Black Lives Matter

Hello all,

When Ned sent out the call for contributions to class notes, it occurred to me that there’s a lot more to talk about this time around beyond simply catching up with personal news, which I’m always glad to read. I suggested to Ned that most of us could write pages and pages about the horrors of racial injustice that have come back to haunt us all, but he and I agreed that that’s way beyond what could be jammed into class notes. So I said to him that I thought we should exchange our varying takes about what the recent events and the public responses to them mean to us, and what we perceive that this country can do, finally, to stamp out this blight, and perhaps what Nobles can do to participate meaningfully beyond simply stating what it stands for and against. Here’s a step in that direction.

It’s beyond shocking that we’ve waited so long to really face, thanks only to a video camera or two that happened to have been present when one life after another was casually snuffed out, how hard it is for a black person to live and thrive, the same way we privileged white people do, when simply driving while black, or walking while black, or breathing while black in the wrong place at the wrong time, risks one’s life, and when living in the polluted part of town, with inadequate access to health care and a decent education means perpetually facing drastically lower income and life expectancy than most of us enjoy. If we’re honest we have to acknowledge that it’s impossible to feel on a deep level how hard the daily struggle a black person faces. (Jimmy Kimmel gave a very provocative monologue about that recently.)

Most of us have recognized the inequities and have expressed horror and sympathy when other examples of brutality and deprivation of basic needs have surfaced in the news, and then, when the news cycle turned elsewhere, frankly lost focus and turned our own attention elsewhere. Perhaps the current administration’s quintessentially cynical, defensive response to the recent protests is a good thing if it makes us all angry enough and embarrassed enough by our country’s failure to live up to its highest principles to actually pay attention and do something constructive.

So I would like to hear what you all think about what can actually be done during the next year, both through personal efforts you may be planning and by Nobles, to finally set the ship of state permanently on the right course with regard to racial justice. I’ve read about dozens of ideas but confess to indecision about where to put the energy. Certainly voting rights efforts have to be way high on the list, but I haven’t yet found a good venue to dig in and contribute with in person lobbying and legal efforts, other than to send dollars to Common Cause and other voting rights groups.

As for what Nobles can do, I’d like to learn a lot about what the school has accomplished to increase minority enrollment and financial support so far, and how it plans to respond to this crisis and boost its efforts in the future.

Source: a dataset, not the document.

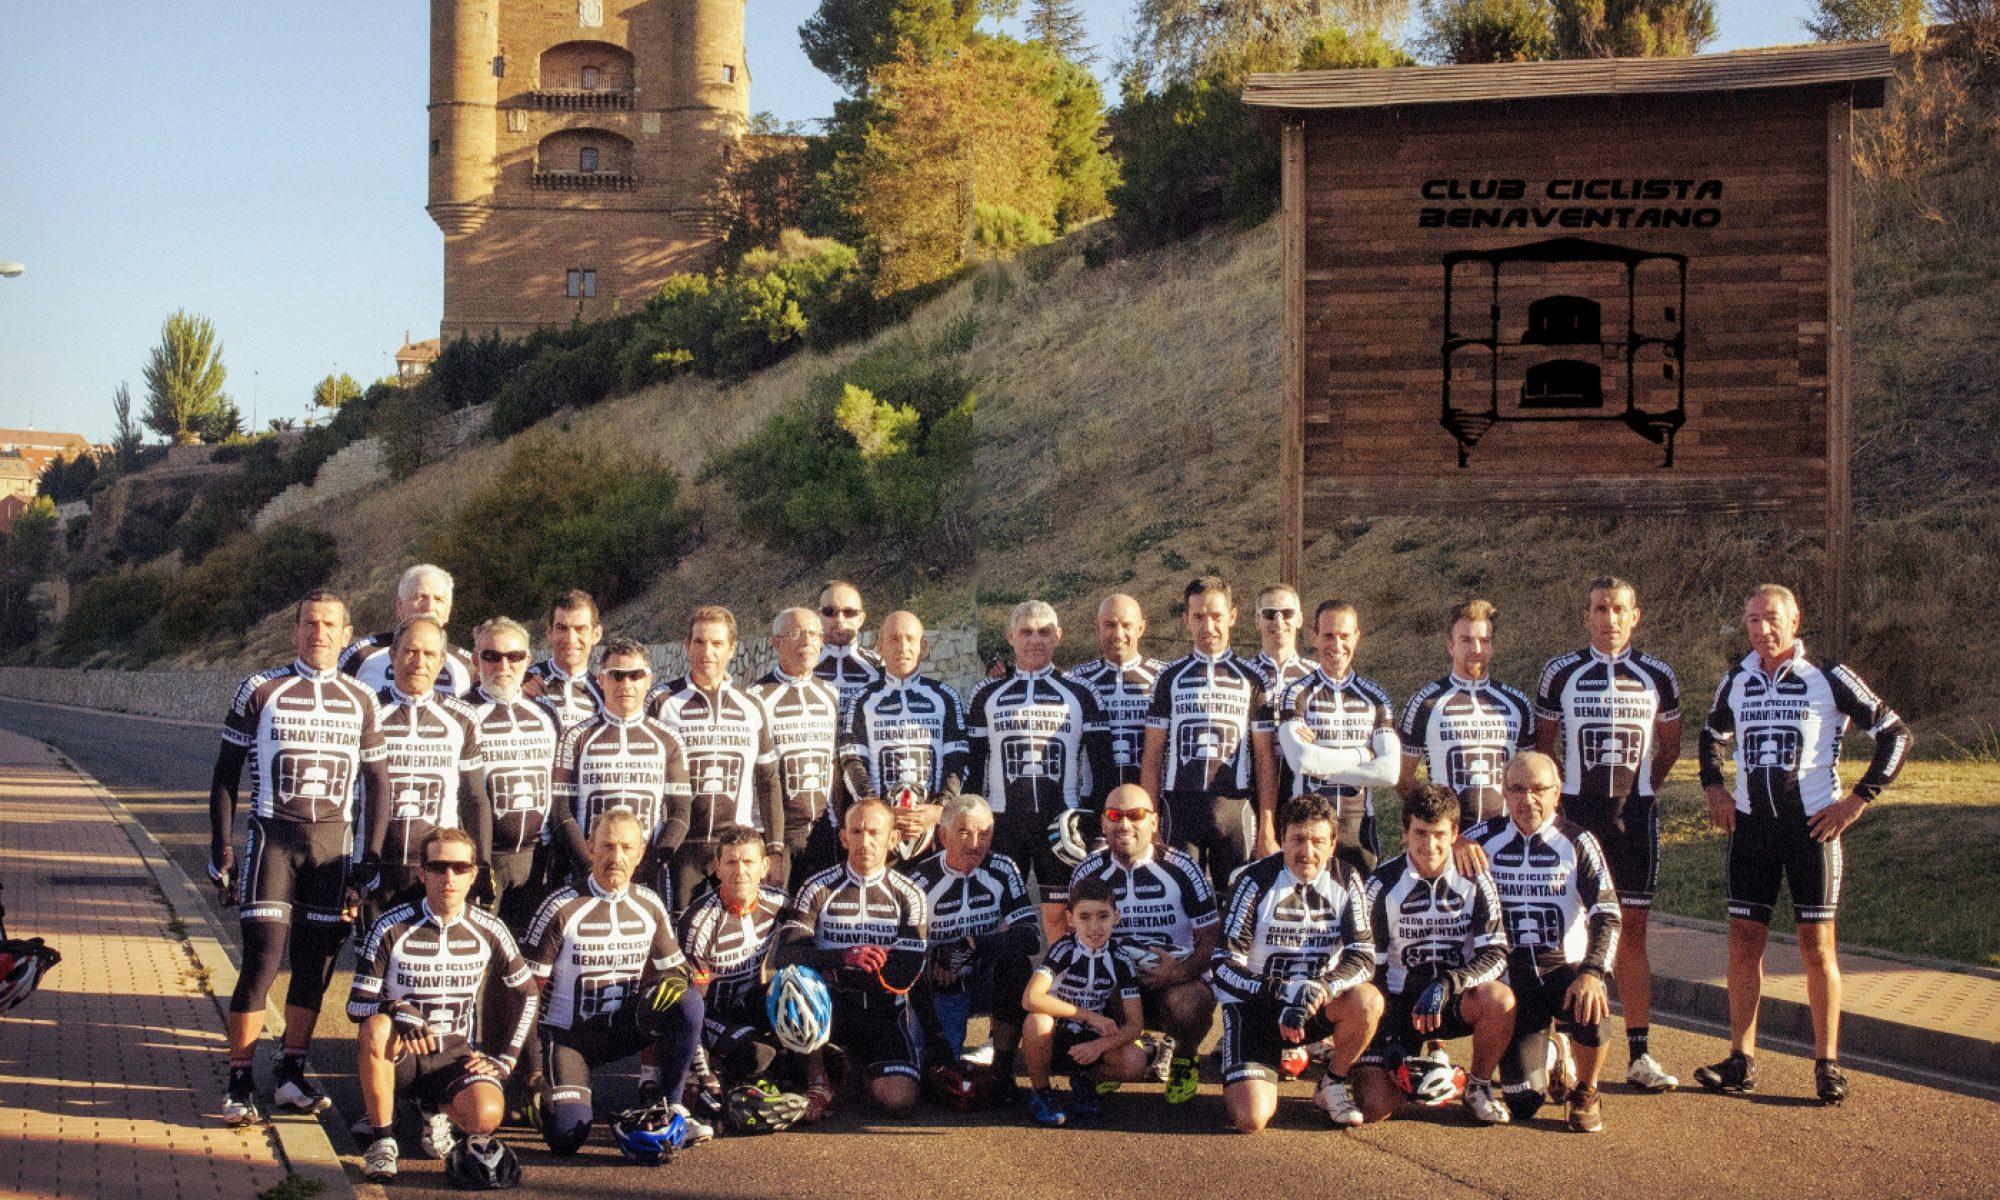 Club Ciclista Benaventano
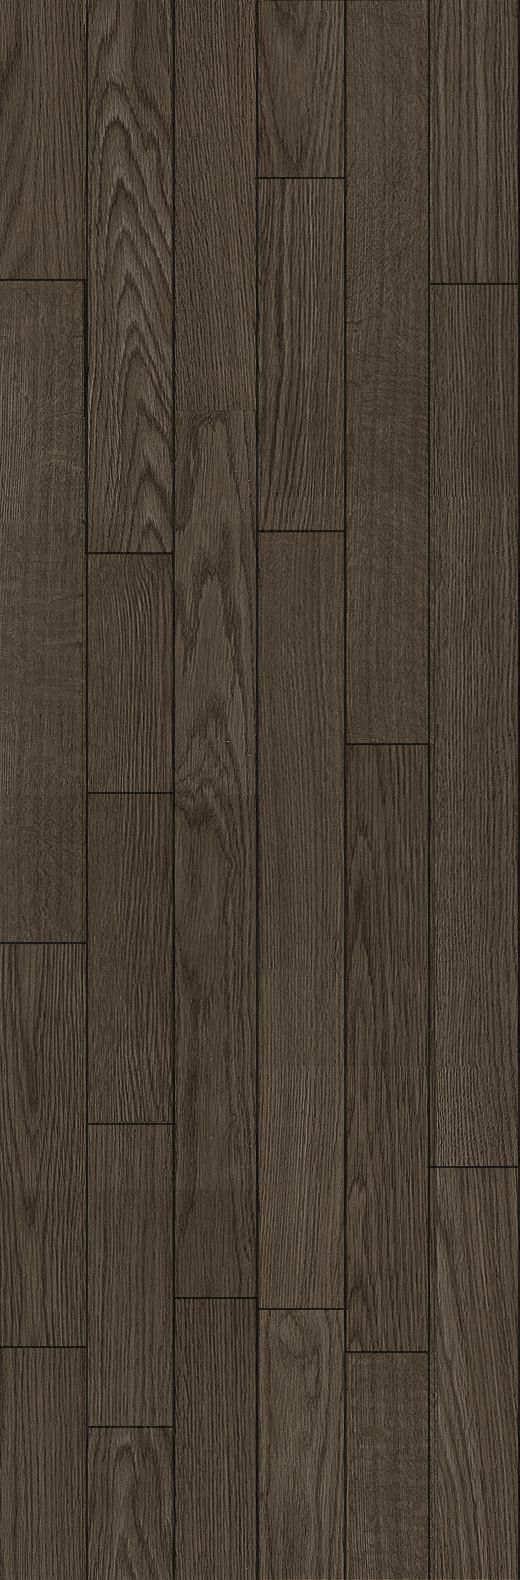 Carpet Wood Flooring Ideas Black Laminate Flooring Ideas And Pics Of Living Room Flooring Pattern Woodfloori Wood Floor Texture Wood Texture Wooden Flooring

Where does it stand in relation to other ISL schools around Boston? Plucking a few deserving students from minority communities and giving them the platform to succeed is certainly a good thing, and of course is many light years away beyond where the school was when we attended.

But how does that effort jibe with the acute need to radically boost the resources that all Boston public schools need in order to raise all the boats?

Would doubling or tripling the amount of scholarships available, while cutting back on one or more optional offerings, make a difference?

And as long as we’re on the topic, what’s the role of private education for the few in the future, when it’s so easy now for cynical bloggers to flood the internet with pure , unadulterated crap and manipulate a vast number of voters who never received enough education to think critically and distill facts from fiction?

Enough of this rant for now, but I do hope we can talk back and forth and learn from the conversation.